■ REQUIRED ACTION
The listing below must be returned in full and unchanged, without the images it carries.

■ DATA SECTION
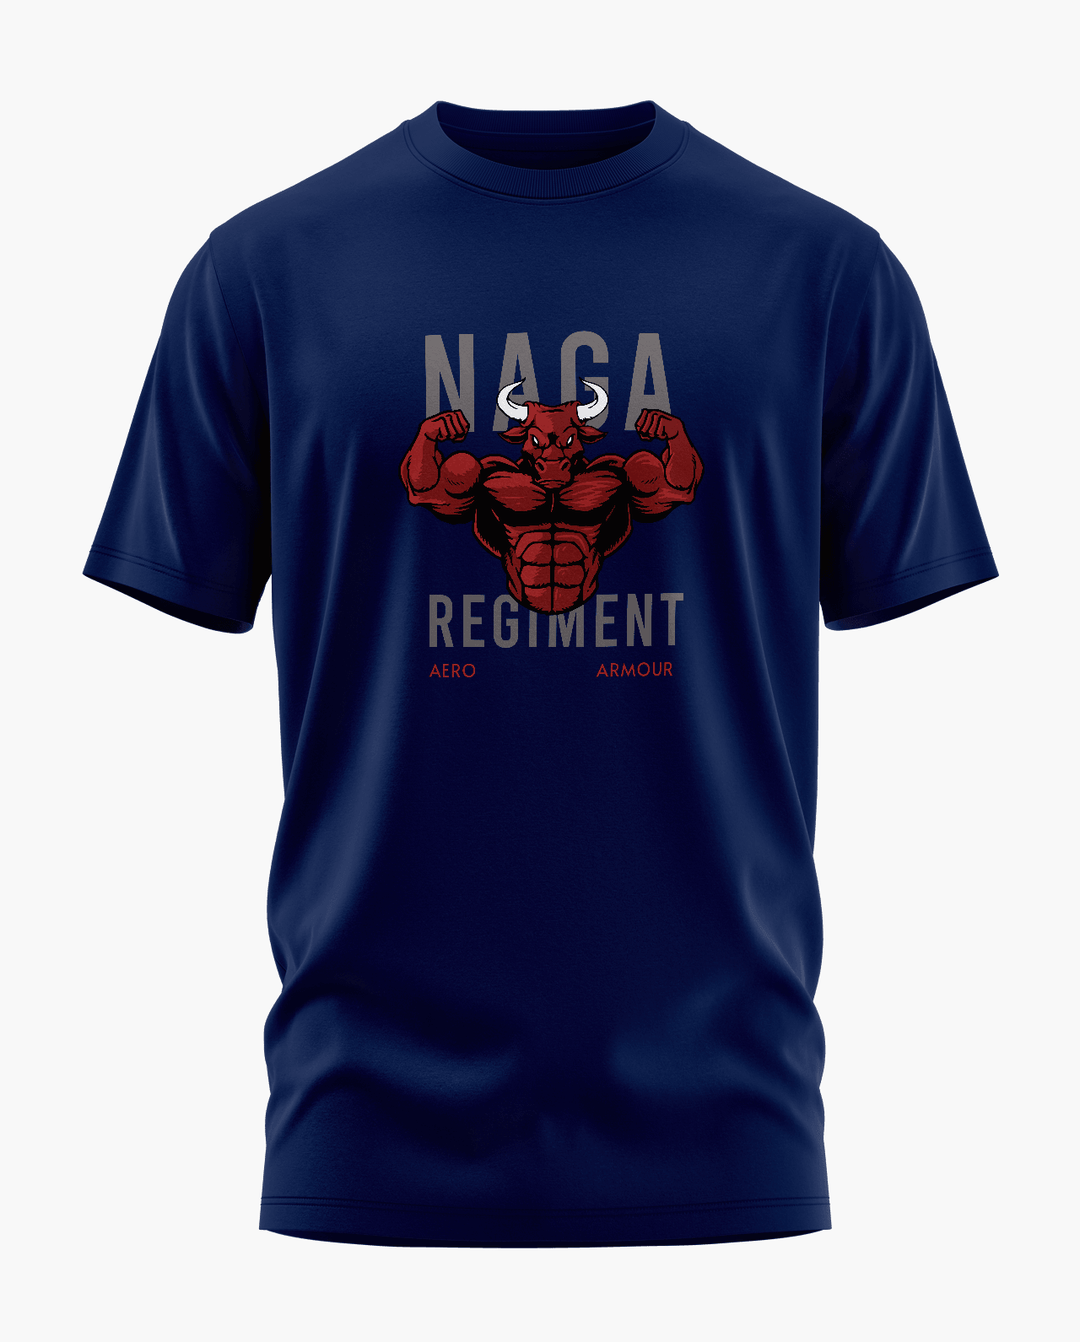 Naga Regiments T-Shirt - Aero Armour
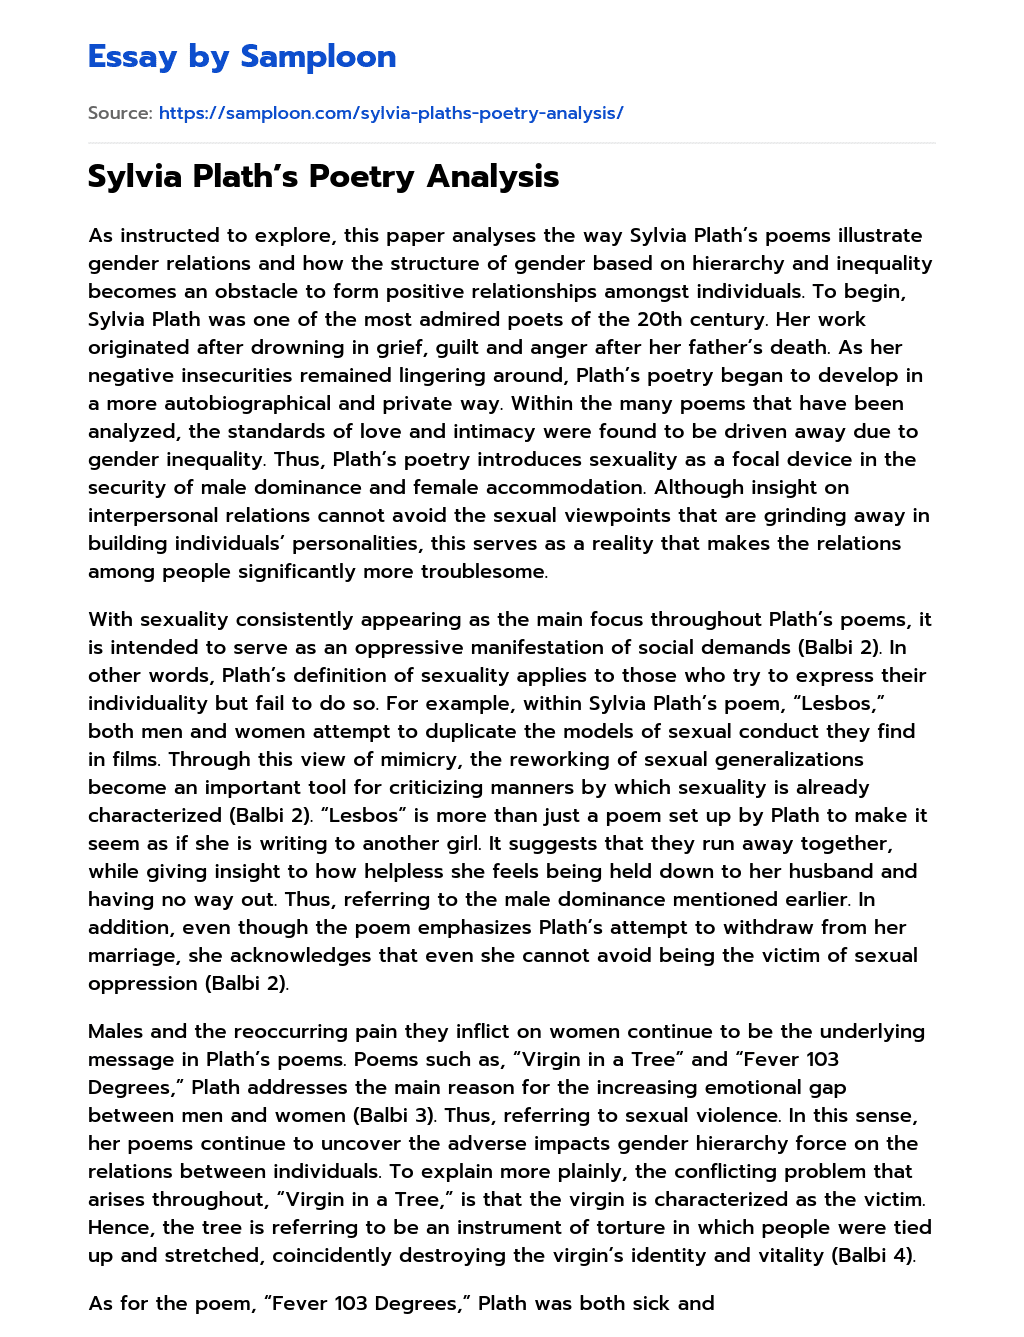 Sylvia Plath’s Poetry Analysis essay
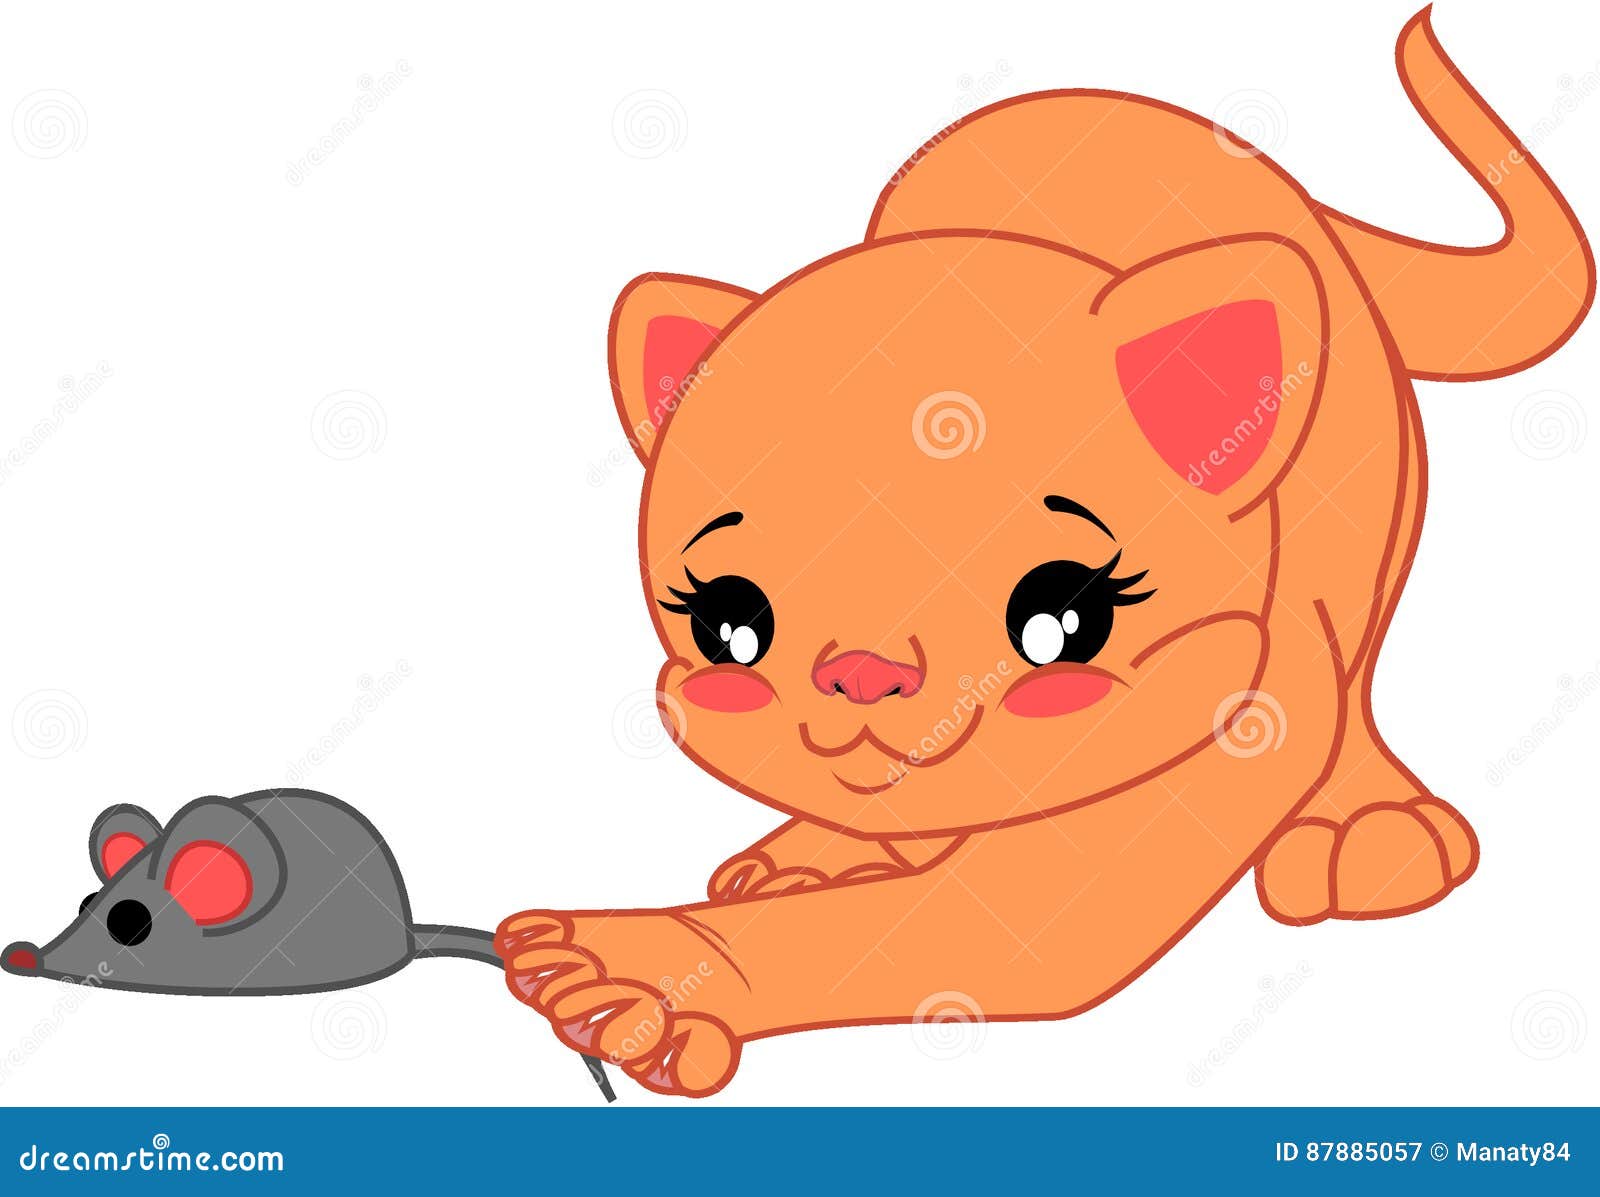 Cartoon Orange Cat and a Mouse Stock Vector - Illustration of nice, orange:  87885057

■ PROBLEM SOLUTION
 Naga Regiments T-Shirt - Aero Armour
 Sylvia Plath’s Poetry Analysis essay
 Cartoon Orange Cat and a Mouse Stock Vector - Illustration of nice, orange:  87885057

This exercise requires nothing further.